For our example, we assume that input BSNs are of type INTEGER[].

CREATE OR REPLACE TABLE bsn_tbl AS
    FROM VALUES
        ([2, 4, 6, 7, 4, 7, 5, 9, 6]),
        ([1, 2, 3, 4, 5, 6, 7, 8, 9]),
        ([7, 6, 7, 4, 4, 5, 2, 1, 1]),
        ([8, 7, 9, 0, 2, 3, 4, 1, 7]),
        ([1, 2, 3, 4, 5, 6, 7, 8, 9, 0])
        tbl(bsn);

Solution

When this problem was initially proposed, DuckDB didn't have support for list_reduce. Instead, the user came up with the following:

CREATE OR REPLACE MACRO valid_bsn(bsn) AS (
    list_sum(
        [array_extract(bsn, x)::INTEGER * (IF (x = 9, -1, 10 - x))
        FOR x IN range(1, 10, 1)]
    ) % 11 = 0
);

With list_reduce, we can rewrite the query as follows. We also added a check validating that the length is always nine digits.

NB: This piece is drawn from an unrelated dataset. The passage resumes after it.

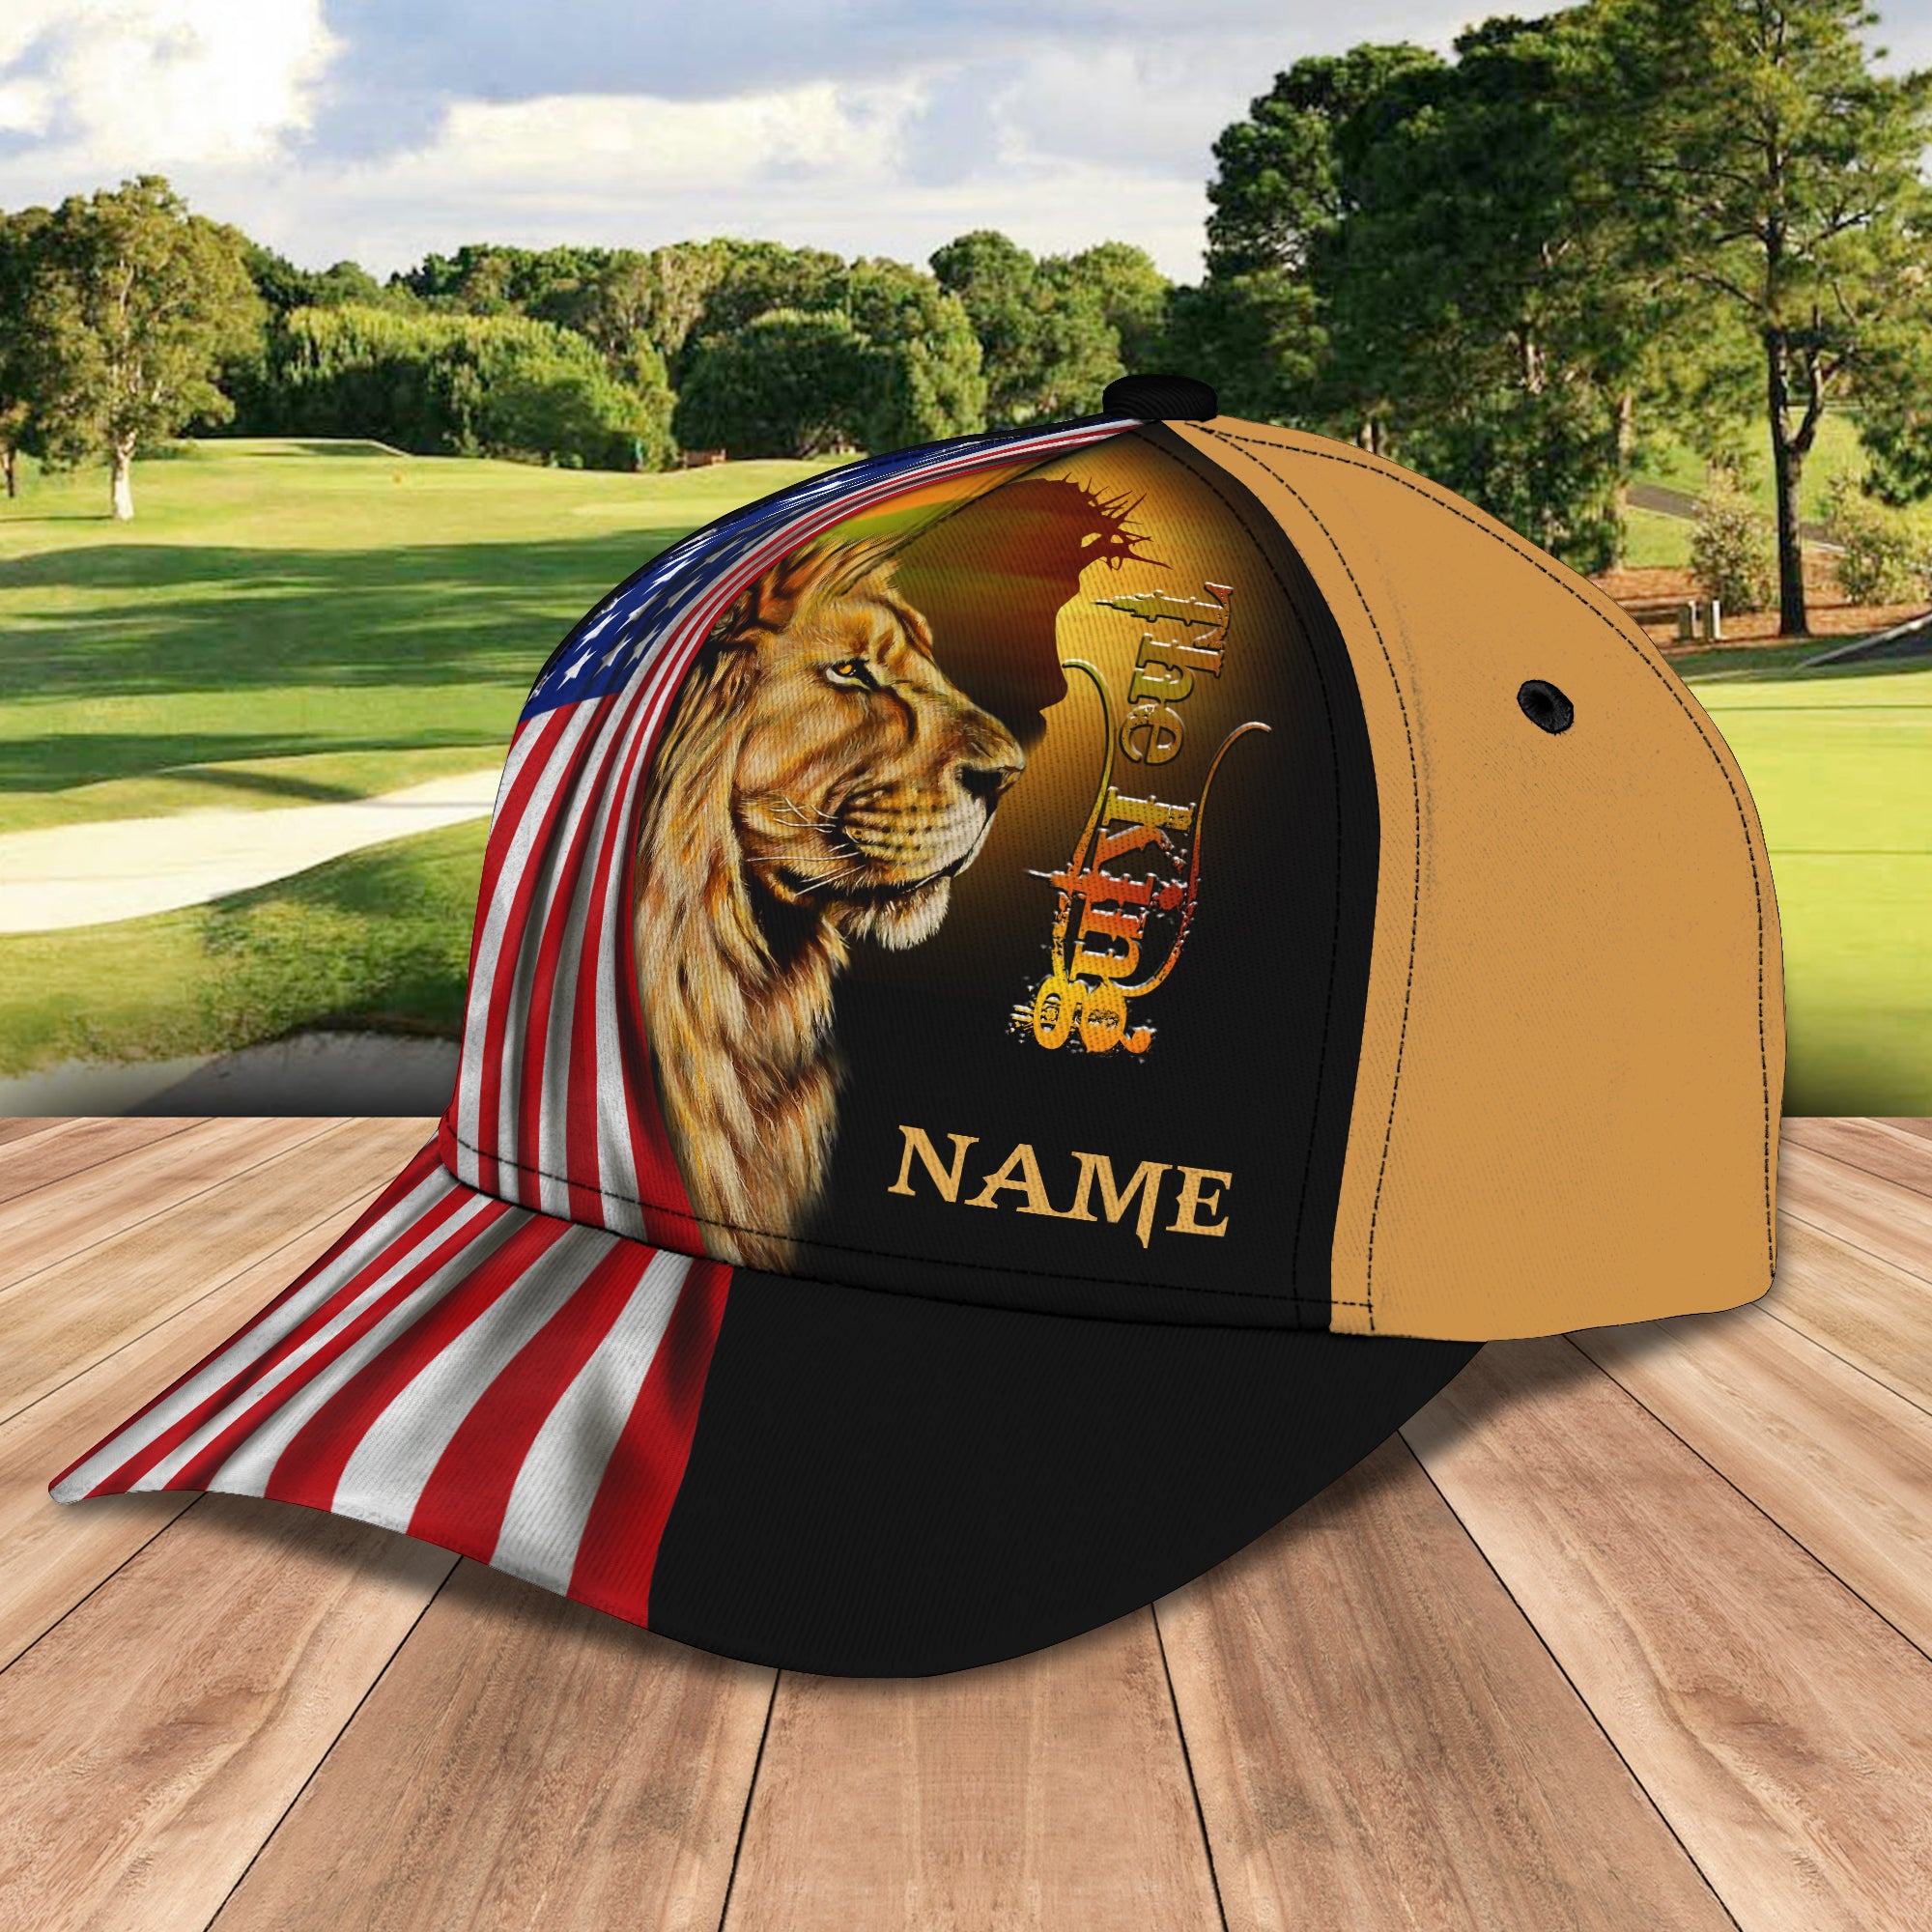 The King - Personalized Name Cap - Urt96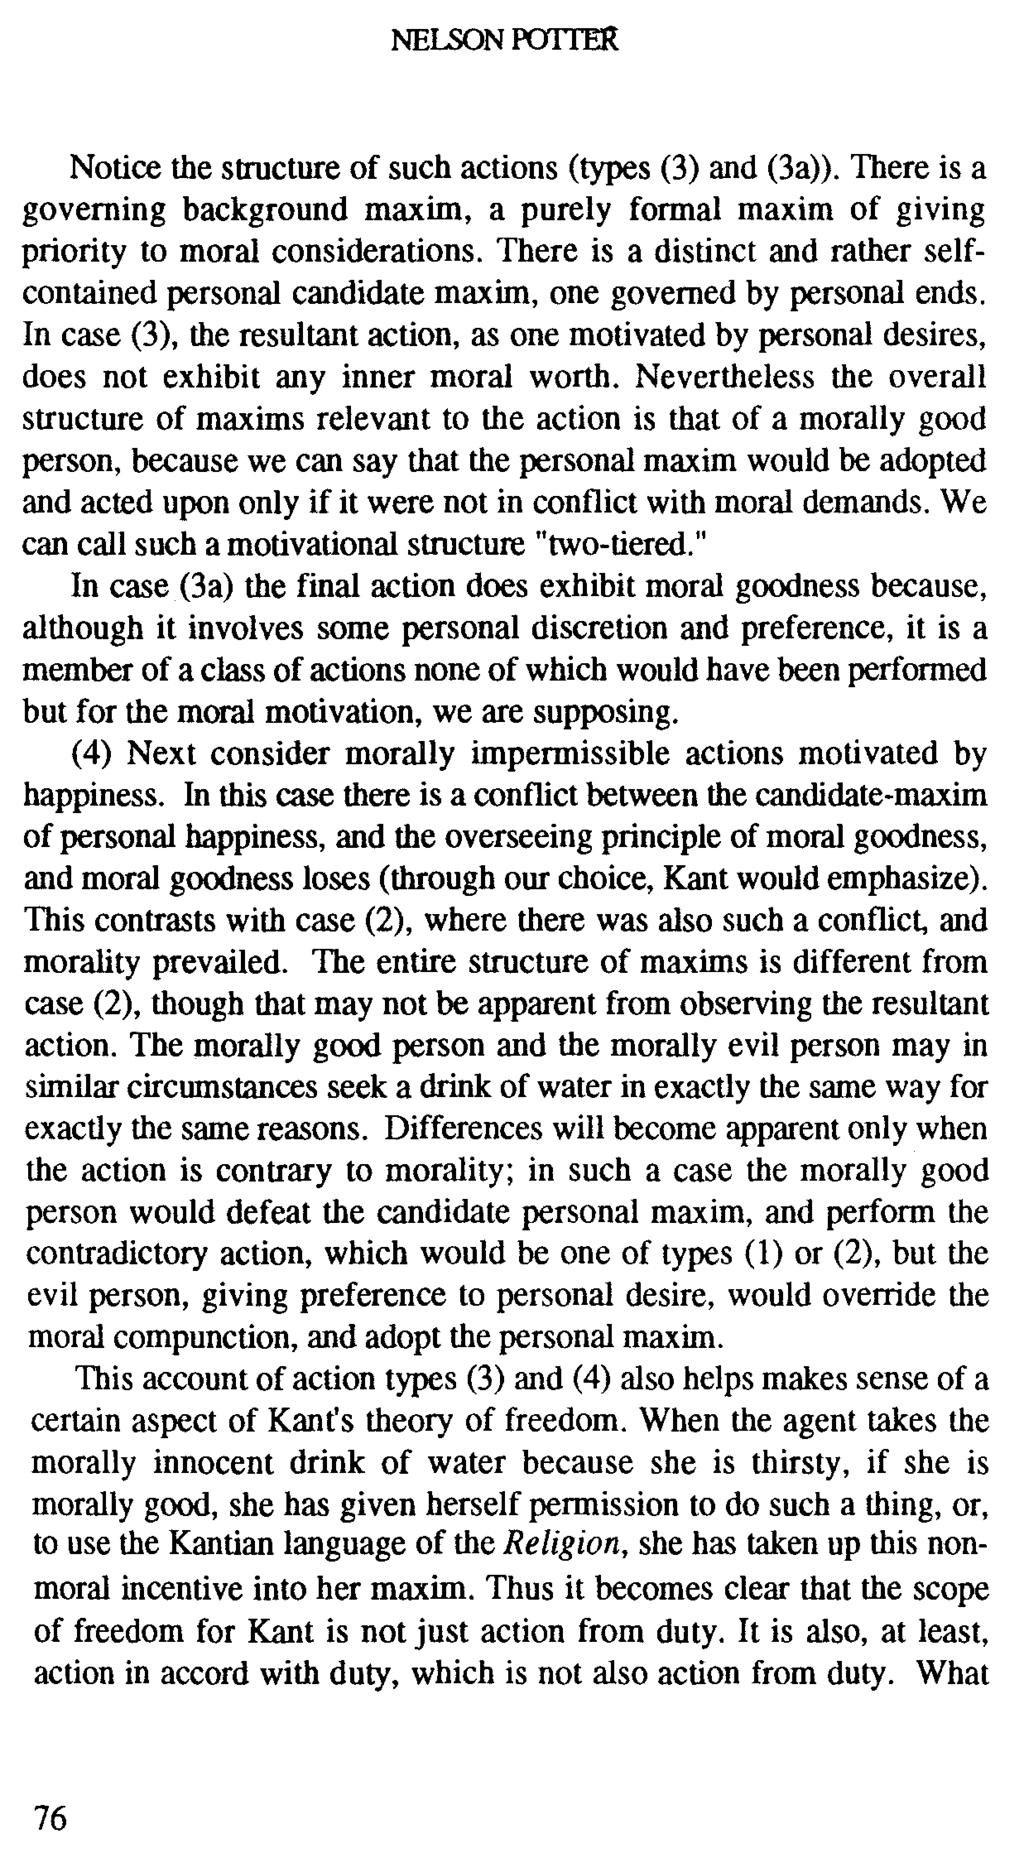 NELSON POTI'ER Notice the structure of such actions (types (3) and (3a». There is a governing background maxim, a purely formal maxim of giving priority to moral considerations.

CREATE OR REPLACE MACRO valid_bsn(bsn) AS (
    list_reduce(list_reverse(bsn),
        (x, y, i) -> IF (i = 1, -x, x) + y * (i + 1)) % 11 = 0
    AND len(bsn) = 9
);

Using our macro with the example table we get the following result:

SELECT bsn, valid_bsn(bsn) AS valid
FROM bsn_tbl;
┌────────────────────────────────┬─────────┐
│              bsn               │  valid  │
│            int32[]             │ boolean │
├────────────────────────────────┼─────────┤
│ [2, 4, 6, 7, 4, 7, 5, 9, 6]    │ true    │
│ [1, 2, 3, 4, 5, 6, 7, 8, 9]    │ false   │
│ [7, 6, 7, 4, 4, 5, 2, 1, 1]    │ true    │
│ [8, 7, 9, 0, 2, 3, 4, 1, 7]    │ true    │
│ [1, 2, 3, 4, 5, 6, 7, 8, 9, 0] │ false   │
└────────────────────────────────┴─────────┘

Conclusion

Native nested type support is critical for analytical systems. As such, DuckDB offers native nested type support and many functions to work with these types directly. These functions make working with nested types easier and substantially faster. In this blog post, we looked at the technical details of working with nested types by diving into our list_transform function. Additionally, we highlighted various use cases that we came across in our community.